*** Records for this exercise ***

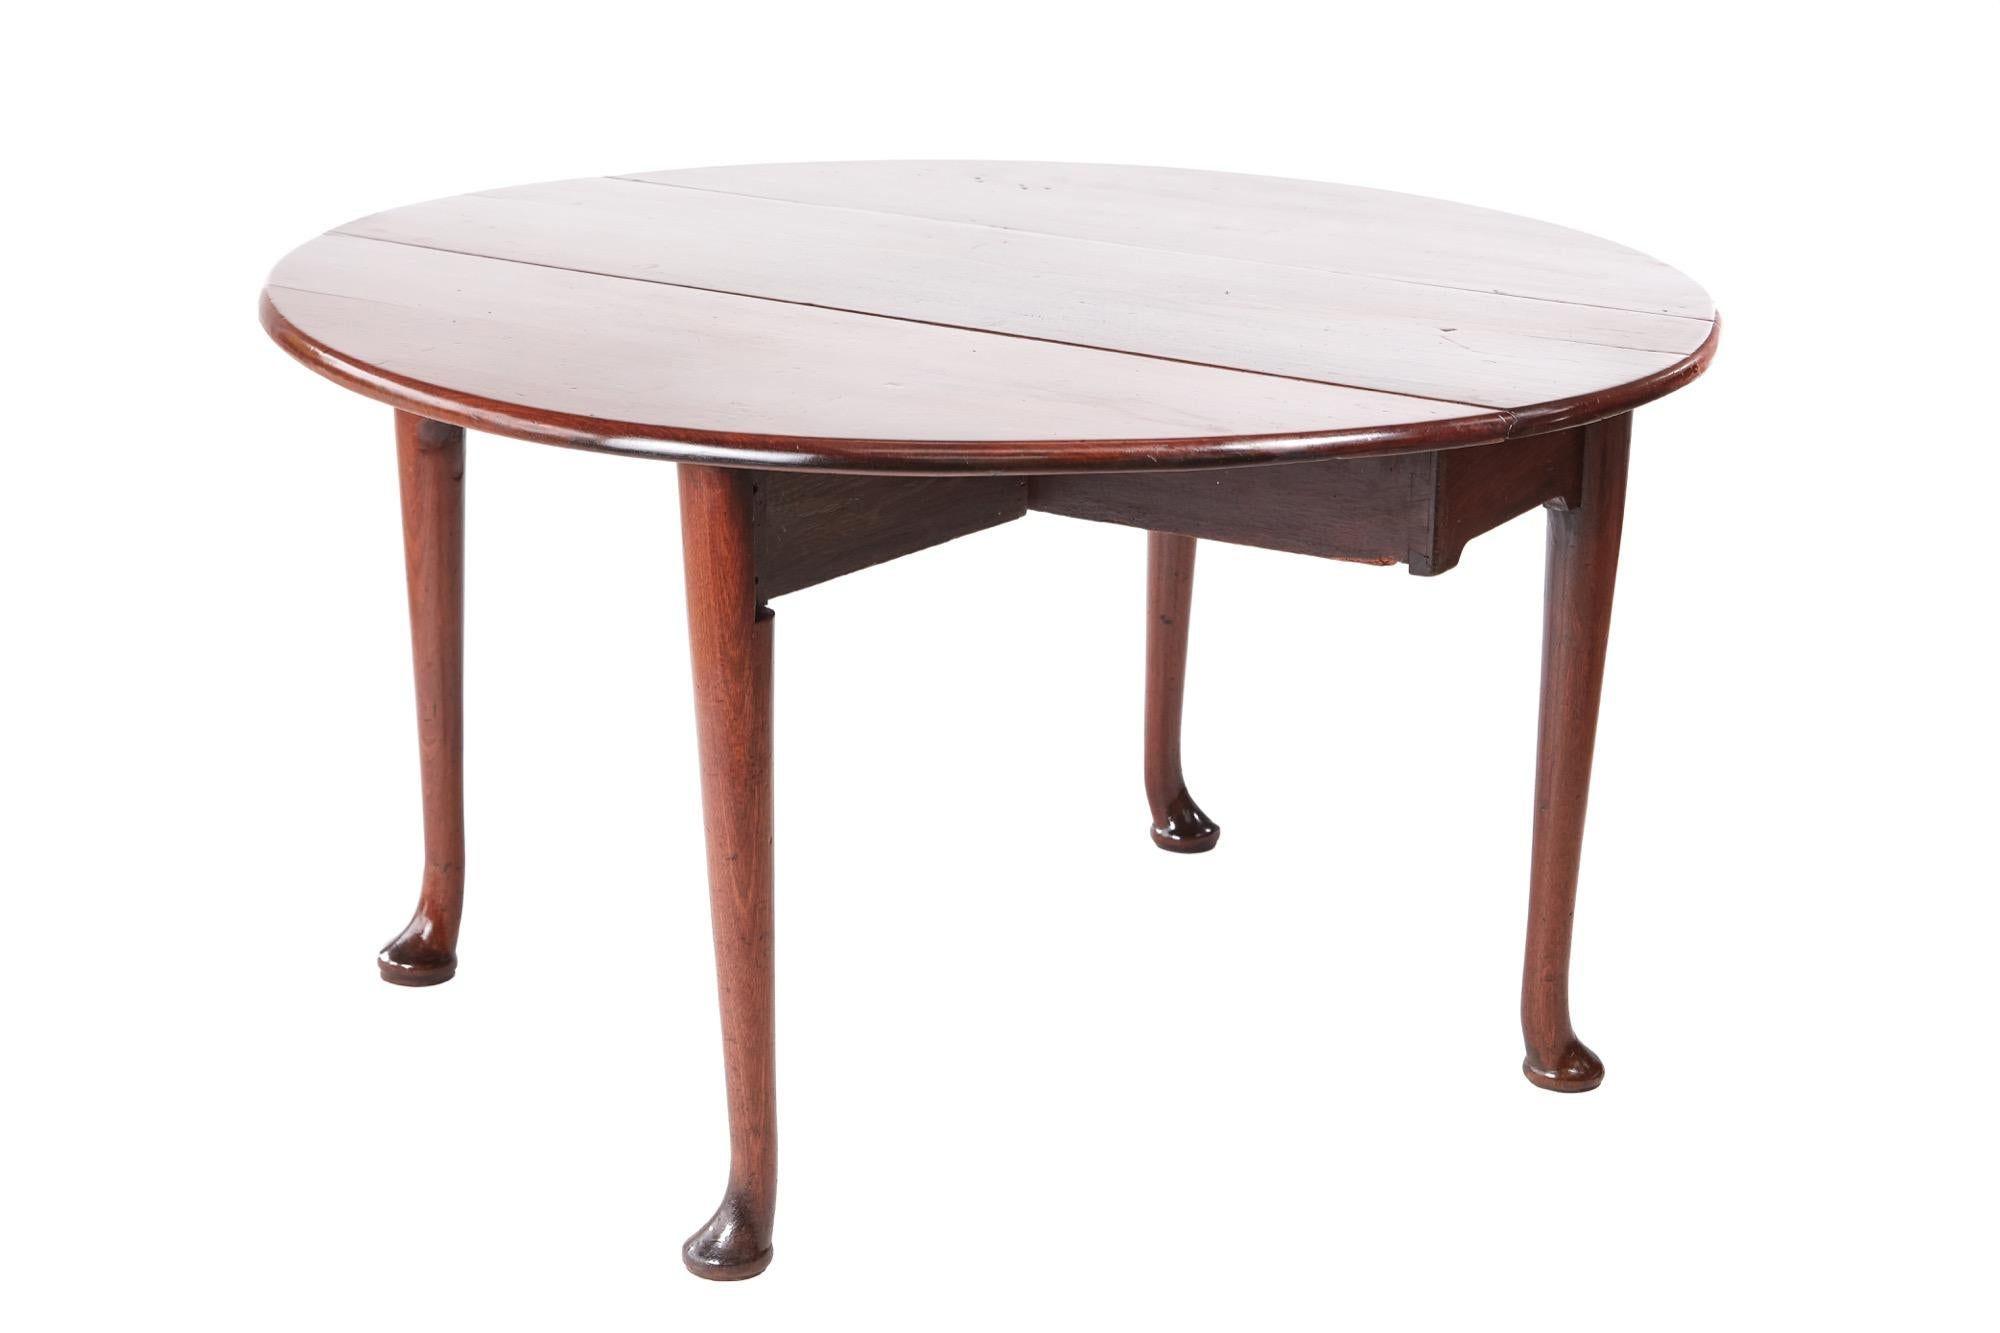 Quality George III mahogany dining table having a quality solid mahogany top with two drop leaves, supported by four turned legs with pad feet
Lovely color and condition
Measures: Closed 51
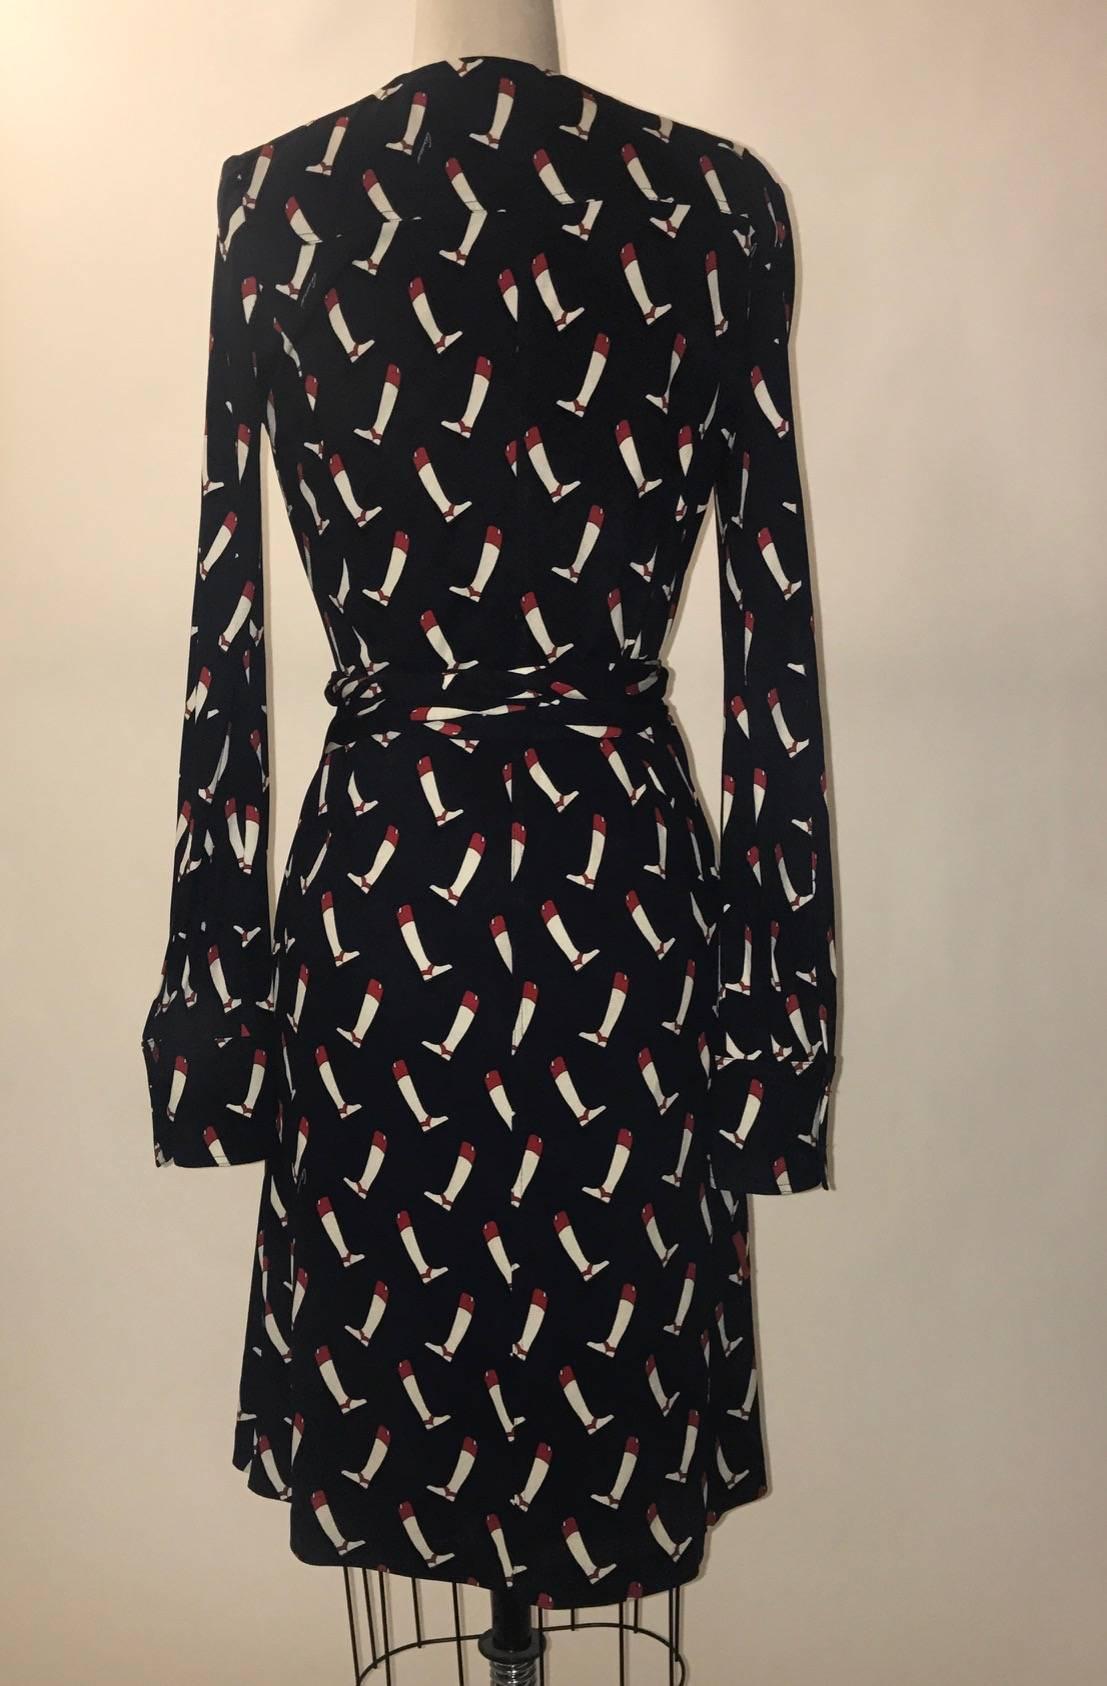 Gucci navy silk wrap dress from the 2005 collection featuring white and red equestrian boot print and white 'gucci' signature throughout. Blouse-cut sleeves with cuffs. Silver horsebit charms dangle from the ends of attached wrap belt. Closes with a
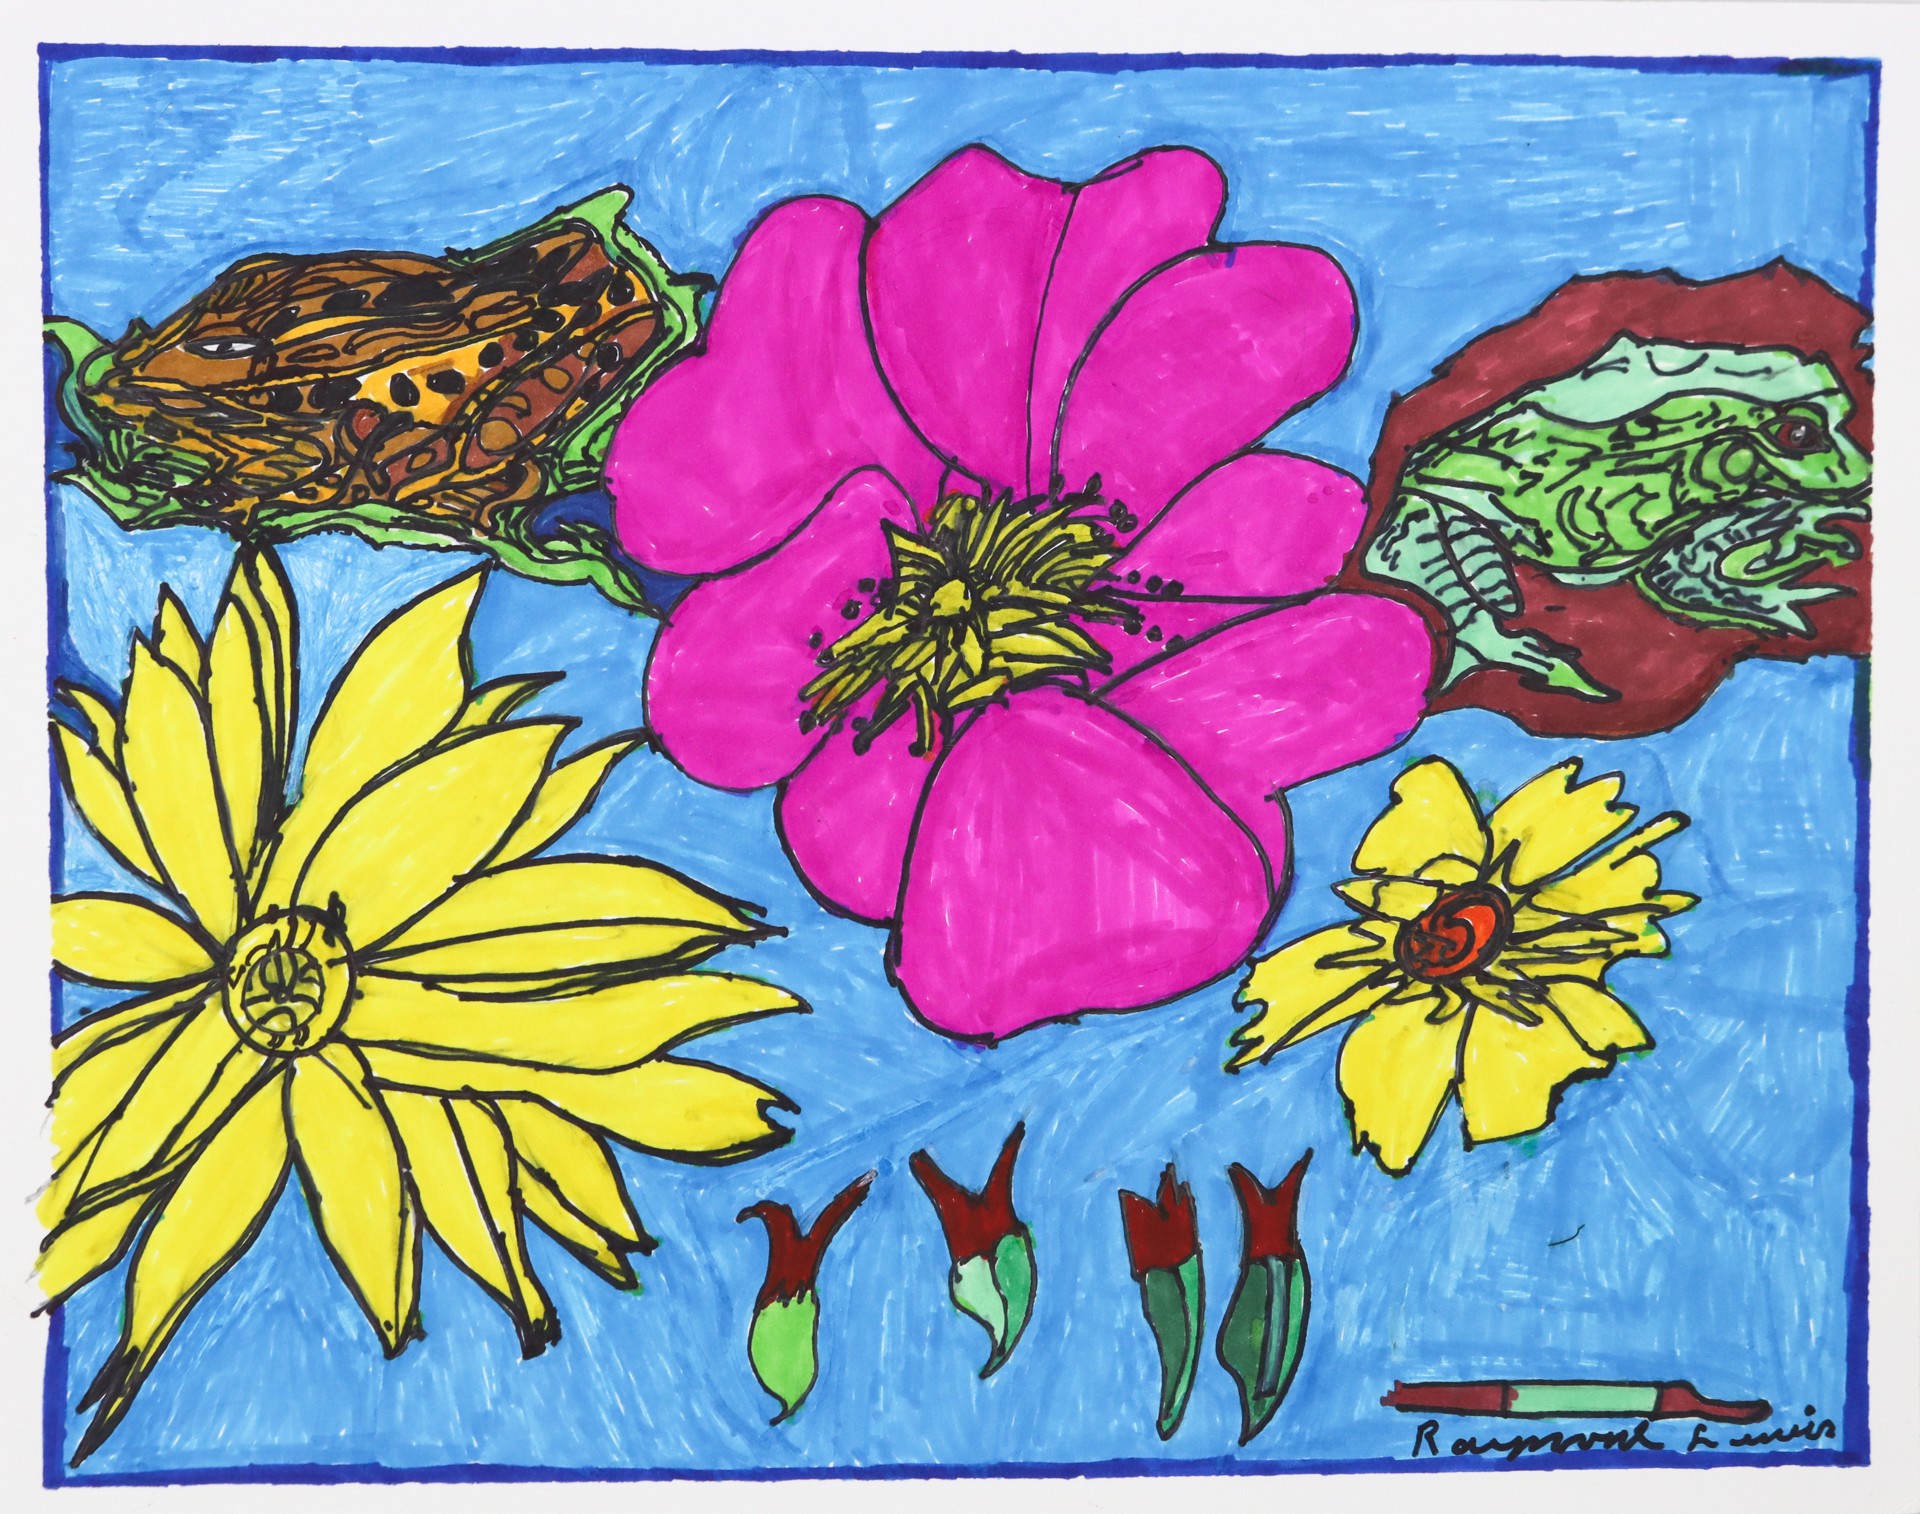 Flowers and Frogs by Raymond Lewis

*** End of Records for this exercise ***

== What is required ==
Lines from the one containing "Lovely color and condition" through the end of the listing, both included, are to be restated exactly, and pictures are to be left out.

== Task output ==
Lovely color and condition
Measures: Closed 51
 Gucci navy silk wrap dress from the 2005 collection featuring white and red equestrian boot print and white 'gucci' signature throughout. Blouse-cut sleeves with cuffs. Silver horsebit charms dangle from the ends of attached wrap belt. Closes with a
 Flowers and Frogs by Raymond Lewis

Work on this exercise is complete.